Use Port's MCP (Model Context Protocol) server to create and manage scorecards through natural language conversations with AI. This guide shows you how to define quality standards, configure compliance rules, and set up progressive maturity levelsβ€”all by describing what you need in plain English.

Instead of manually writing JSON schemas or configuring complex rule conditions, you can have conversations with your AI assistant to build scorecards iteratively, getting instant feedback and making adjustments on the fly.

Common use cases​

  • Compliance monitoring: Enable agents to query which services meet security or regulatory standards.
  • Risk assessment: Let agents identify services with failing scorecard rules before deployments.
  • Automated remediation: Trigger workflows based on scorecard level changes.
  • Developer guidance: Help agents provide actionable feedback on how to improve scorecard scores.

Prerequisites​

This guide assumes you have:

Create scorecards with AI​

The Port MCP server provides tools like create_scorecard, get_scorecards, and update_scorecard that enable AI agents to build your scorecards through natural language conversations. You can describe what you need, and the AI will generate the appropriate configuration and create it in Port.

Start with a simple description

Describe the scorecard you want to create in natural language. The AI will interpret your requirements and generate the appropriate schema.

Example conversation:

"Create a security maturity scorecard for the service blueprint with levels Basic, Bronze, Silver, and Gold. Add a rule at Bronze level that checks services have no critical vulnerabilities."

The AI will use the MCP create_scorecard tool to generate and create the scorecard:

Iterative refinement

After creating a scorecard, you can refine it by asking follow-up questions like "Add a rule for high vulnerabilities at Silver level" or "Change the Gold level to require active fixes in the last 30 days".

Add rules incrementally

Build comprehensive scorecards by adding rules through conversation:

Example conversations:

  • "Add a rule to the security scorecard that requires Snyk Code scanning at the Maturing level"
  • "Add a Silver level rule that checks for no critical or high vulnerabilities"
  • "Add a Gold level rule requiring at least one vulnerability fix in the last 30 days"

The AI will update the scorecard's rules array with the appropriate conditions.

Configure progressive levels

Describe maturity progression and AI will structure the levels appropriately:

Example conversation:

"Create a production readiness scorecard with five levels: Basic (starting point), Developing (has monitoring), Established (has alerts and runbooks), Mature (meets SLO targets), and Exemplary (has automated remediation)"

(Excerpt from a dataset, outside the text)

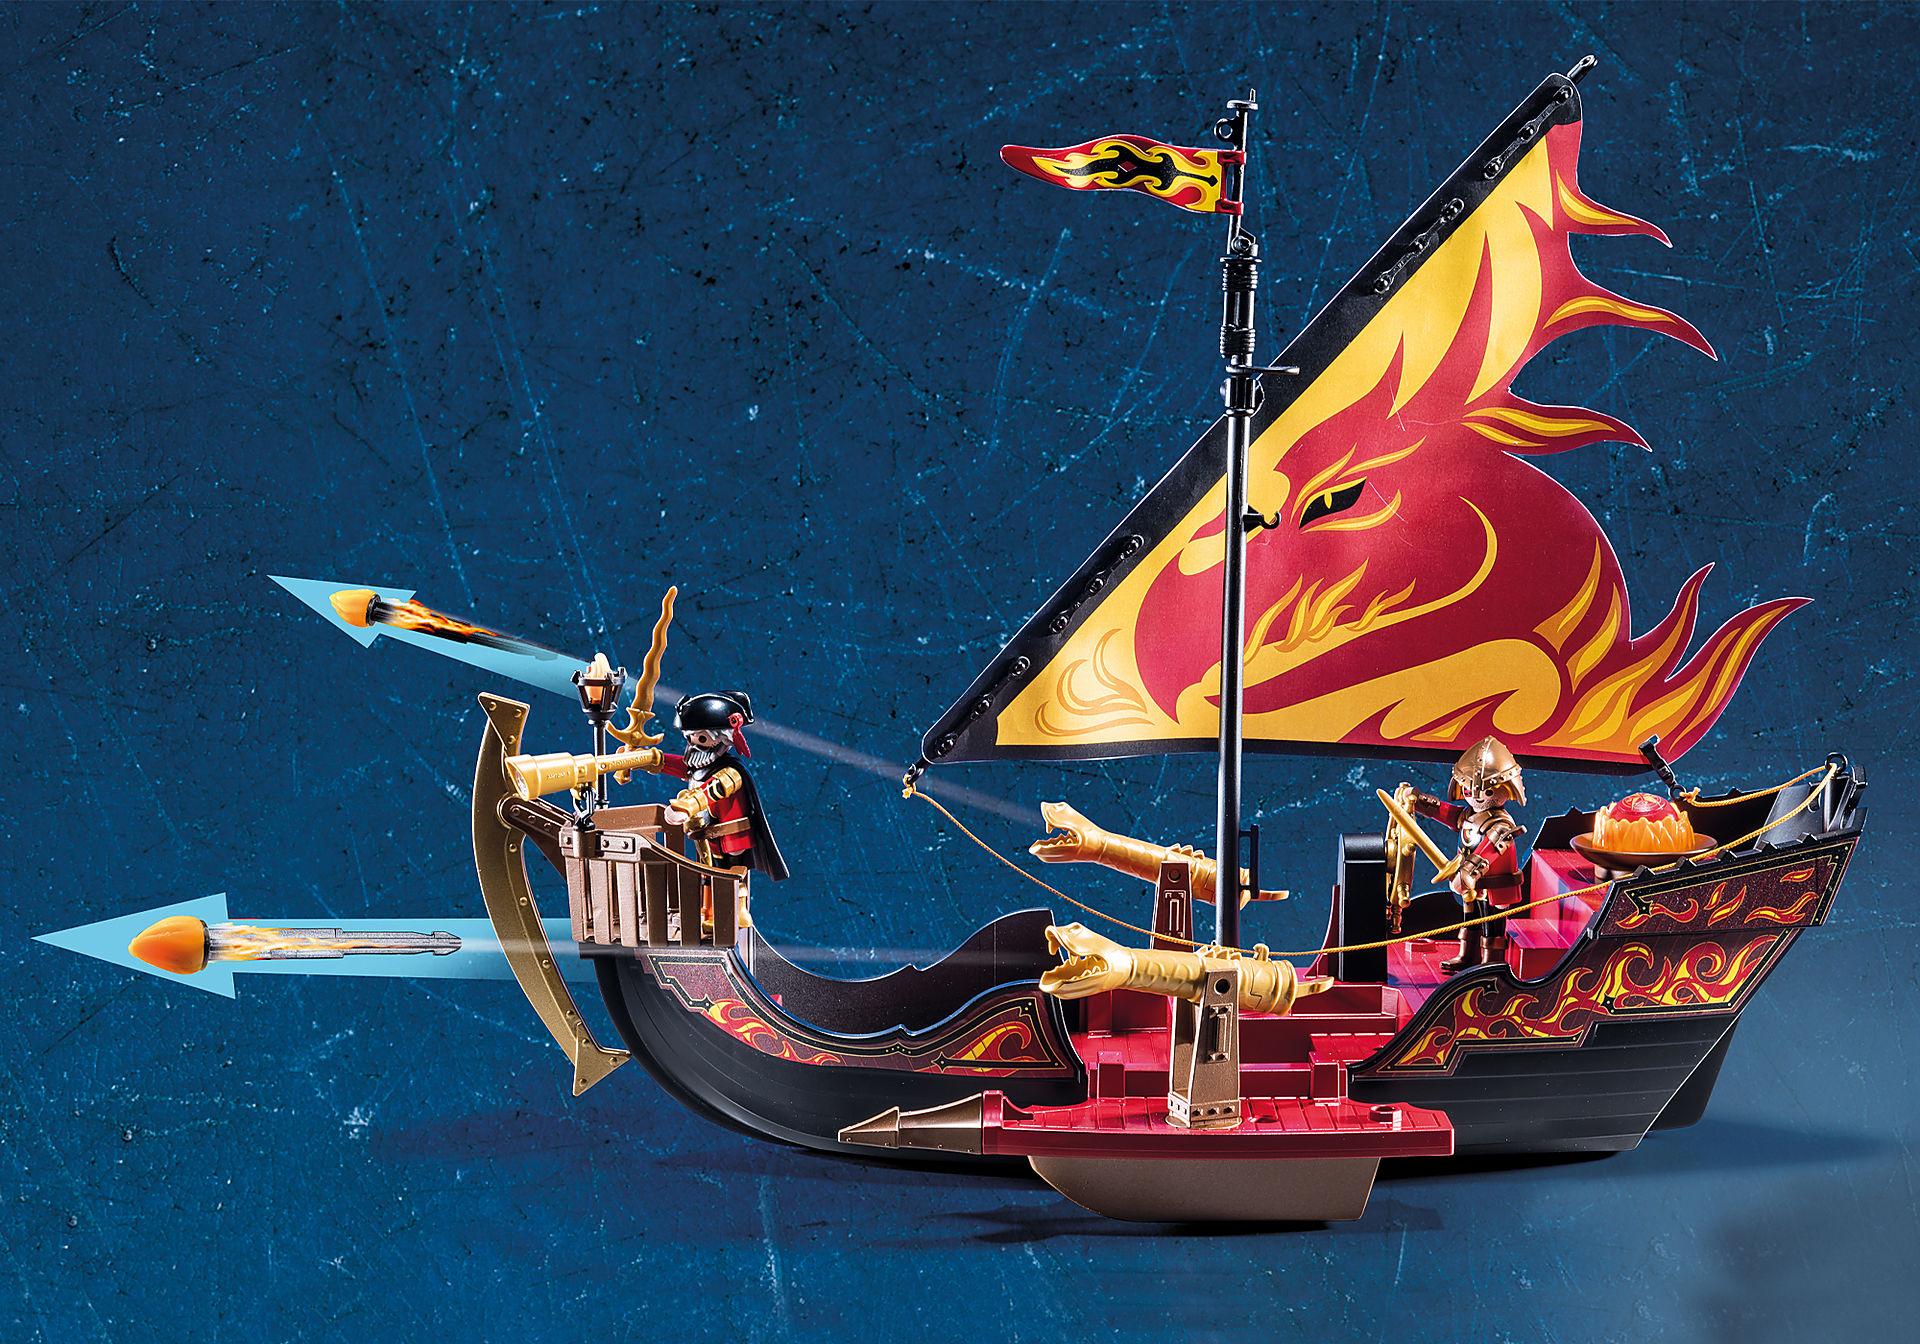 70641 Burnham Raiders Feuerschiff zoom image10

The AI will create levels with appropriate colors and rules that represent clear progression paths.

Query scorecard results​

Once your scorecards are created, use natural language to query compliance status across your catalog.

Check entity compliance

Example conversation:

"What's the security maturity level of the checkout-service and which rules is it failing?"

Screenshot of the MCP server input and output (click to expand)

Find entities by compliance level

Query across your catalog to identify services at specific maturity levels:

Example conversations:

  • "Which services have Gold security maturity?"
  • "Show me all services failing the production readiness scorecard"
  • "List services at Basic level that are owned by the platform team"

The AI uses list_entities with scorecard filters to find matching entities.

Use scorecards in AI decisions​

AI agents can use scorecard data to make intelligent decisions about deployments and prioritization.

Pre-deployment compliance checks

Example conversation:

"Deploy the checkout-service to production if it passes the security maturity scorecard"

The AI will automatically check scorecard compliance before proceeding. If the service fails critical rules, it responds with what needs to be fixed first.

Prioritization recommendations

Example conversation:

"What should I work on to improve our team's security posture?"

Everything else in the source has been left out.